▸ WORK INSTRUCTIONS
From the entries, copy every line that carries the string "featuring".

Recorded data
▼

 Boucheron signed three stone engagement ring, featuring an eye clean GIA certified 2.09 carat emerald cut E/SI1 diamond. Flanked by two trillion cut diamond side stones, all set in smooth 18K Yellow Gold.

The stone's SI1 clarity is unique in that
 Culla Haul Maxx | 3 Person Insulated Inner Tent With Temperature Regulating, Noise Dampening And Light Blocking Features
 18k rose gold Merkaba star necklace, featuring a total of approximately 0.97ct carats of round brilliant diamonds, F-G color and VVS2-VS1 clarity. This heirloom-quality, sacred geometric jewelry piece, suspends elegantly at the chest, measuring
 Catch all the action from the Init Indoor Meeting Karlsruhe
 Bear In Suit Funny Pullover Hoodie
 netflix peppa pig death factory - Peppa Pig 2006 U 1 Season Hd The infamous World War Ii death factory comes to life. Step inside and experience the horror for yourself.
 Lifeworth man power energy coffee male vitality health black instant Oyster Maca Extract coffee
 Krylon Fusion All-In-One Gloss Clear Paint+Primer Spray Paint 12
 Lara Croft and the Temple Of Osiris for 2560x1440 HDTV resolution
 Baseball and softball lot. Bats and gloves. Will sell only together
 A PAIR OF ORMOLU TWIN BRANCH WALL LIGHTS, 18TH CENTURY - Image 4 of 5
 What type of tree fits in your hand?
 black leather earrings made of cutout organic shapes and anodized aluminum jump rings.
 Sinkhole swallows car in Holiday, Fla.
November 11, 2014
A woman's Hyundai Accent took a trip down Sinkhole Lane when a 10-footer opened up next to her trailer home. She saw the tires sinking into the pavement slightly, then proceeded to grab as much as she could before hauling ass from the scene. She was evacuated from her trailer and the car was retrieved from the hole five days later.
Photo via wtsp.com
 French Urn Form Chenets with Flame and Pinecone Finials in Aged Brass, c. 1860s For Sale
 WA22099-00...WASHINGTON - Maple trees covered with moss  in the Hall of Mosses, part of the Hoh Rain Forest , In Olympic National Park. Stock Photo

▲

▸ OUTPUT BELOW
 Boucheron signed three stone engagement ring, featuring an eye clean GIA certified 2.09 carat emerald cut E/SI1 diamond. Flanked by two trillion cut diamond side stones, all set in smooth 18K Yellow Gold.
 18k rose gold Merkaba star necklace, featuring a total of approximately 0.97ct carats of round brilliant diamonds, F-G color and VVS2-VS1 clarity. This heirloom-quality, sacred geometric jewelry piece, suspends elegantly at the chest, measuring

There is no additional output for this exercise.